April 3, 2017, 2:00 pm, F1.110

A Multivariate Complexity Analysis of Cluster Editing

The Cluster Editing problem seeks a transformation of a given undirected graph into a disjoint union of cliques via a (minimum) number of edge additions or deletions. A multi-parameterized version of the problem is studied, featuring a number of input parameters that bound the amount of both edge-additions and deletions per single vertex, as well as the size of a clique-cluster.

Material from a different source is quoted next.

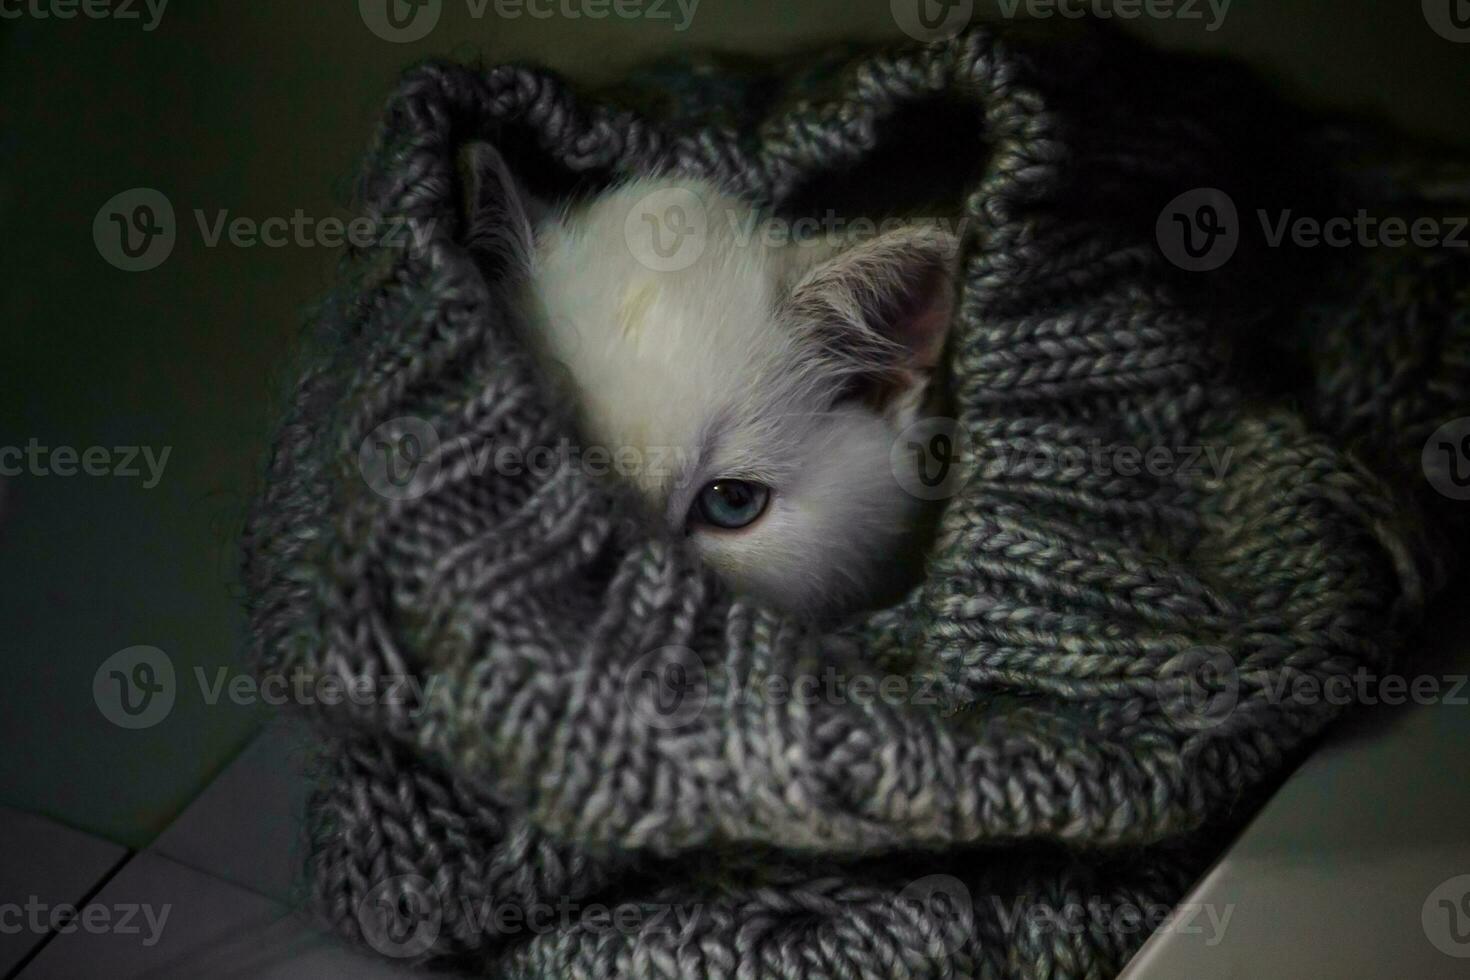 Scared kitten hiding in a gray cap. Soft focus photo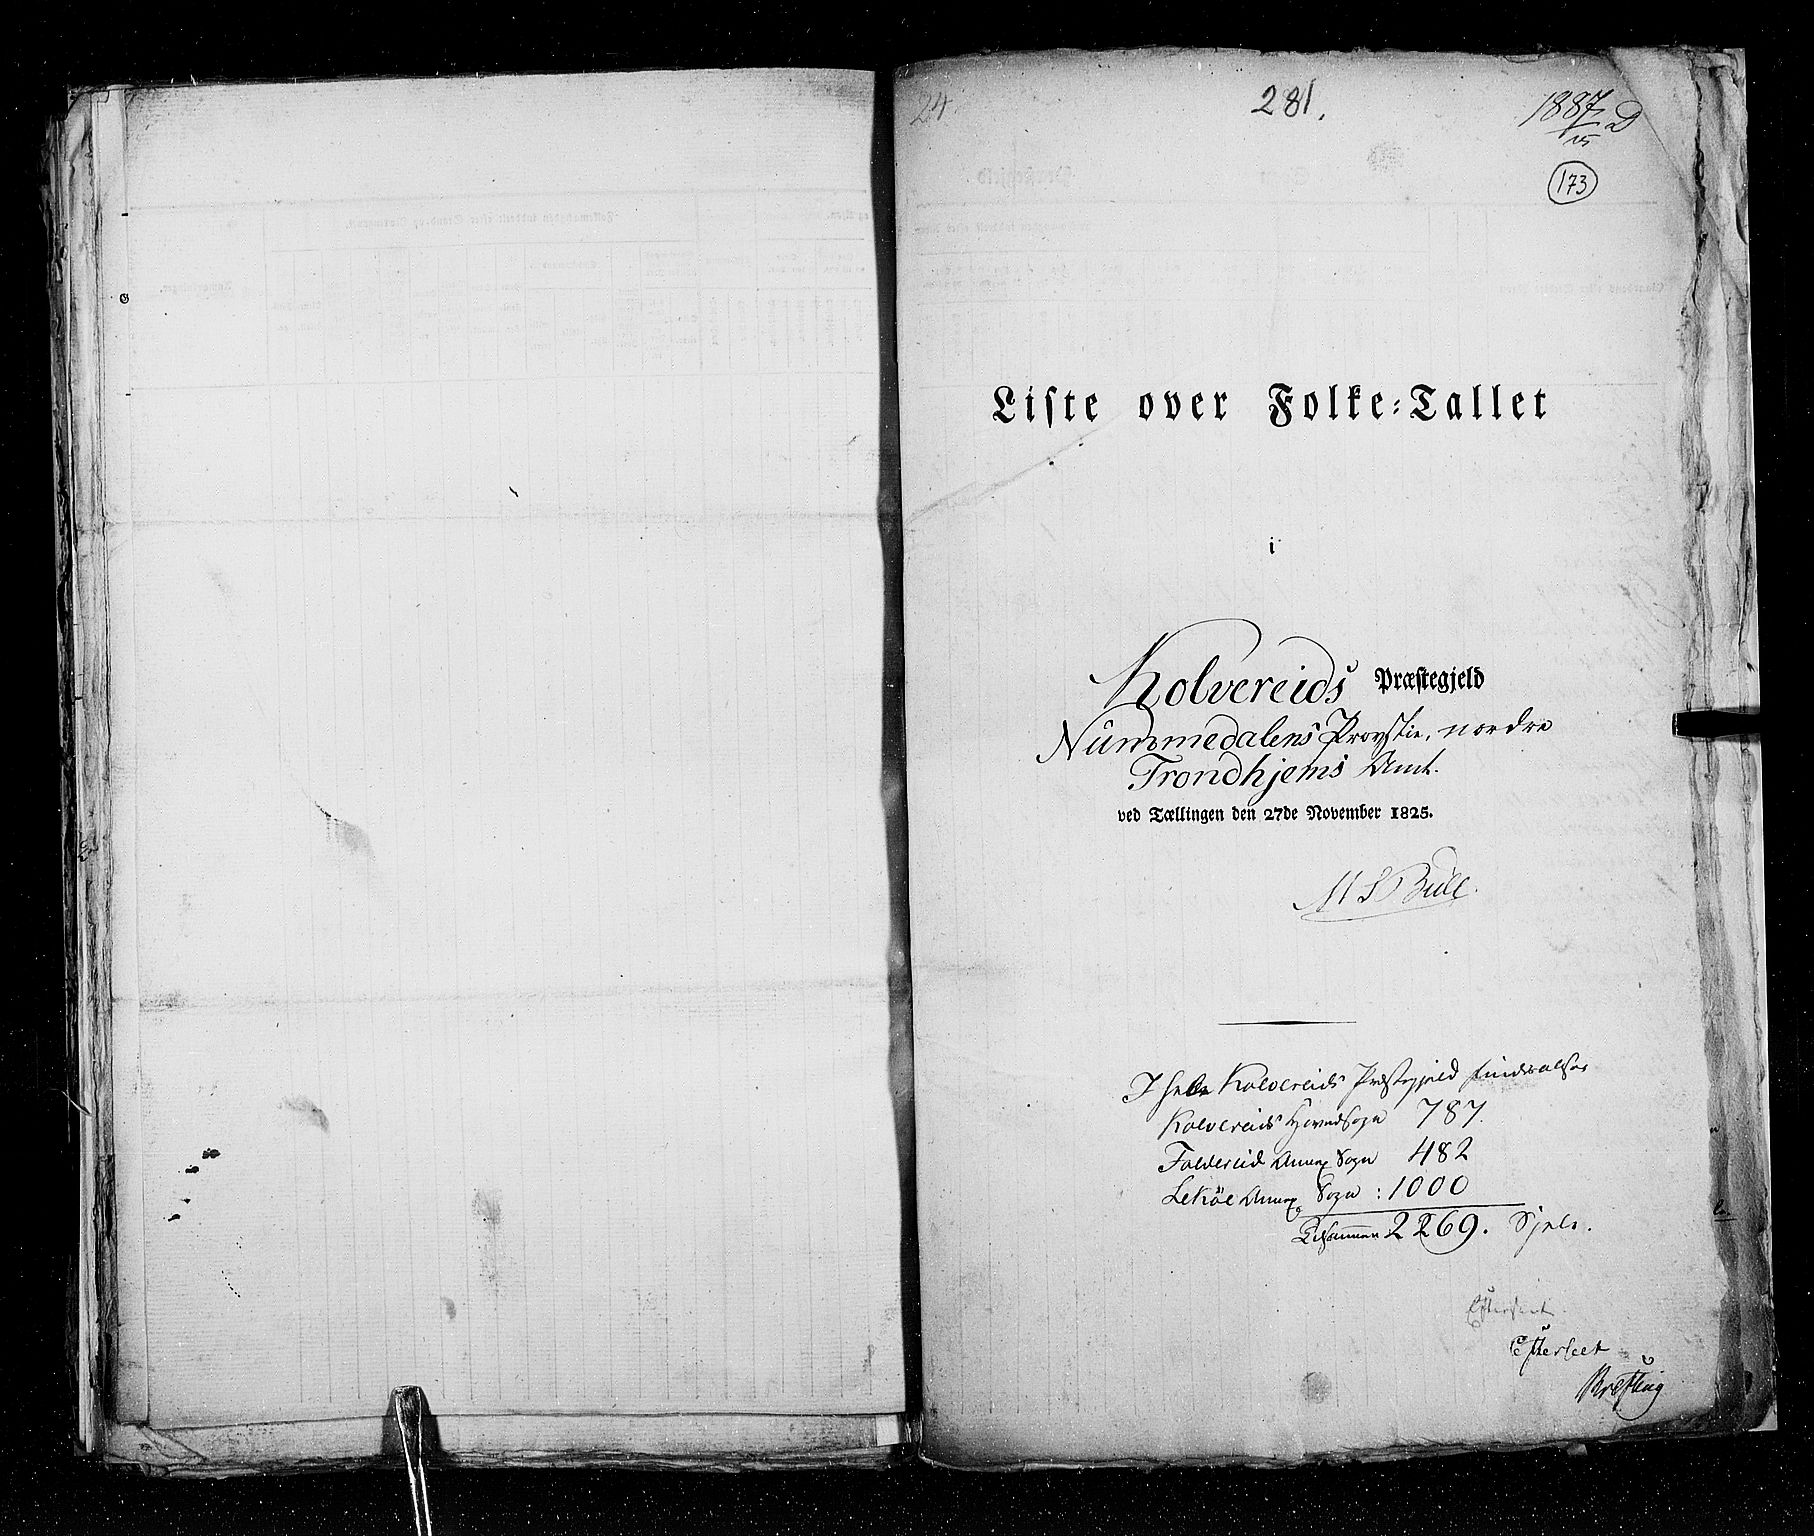 RA, Census 1825, vol. 17: Nordre Trondhjem amt, 1825, p. 173

We briefly overview previous work on the problem and show that it remains NP-hard even when only one edge can be deleted and at most two edges can be added per vertex. However, the new formulation allows us to solve Cluster Editing (exactly) in polynomial time when the number of edge-edit operations per vertex is smaller than half the minimum cluster size. As a byproduct, we obtain a simple kernelization algorithm that delivers linear-size kernels when the two edge-edit bounds are fixed constants.
We further discuss some practical aspects of the multi-parameterized approach and the impact of adding more parameters, such as the number of outliers. Some open problems and new research directions are also discussed.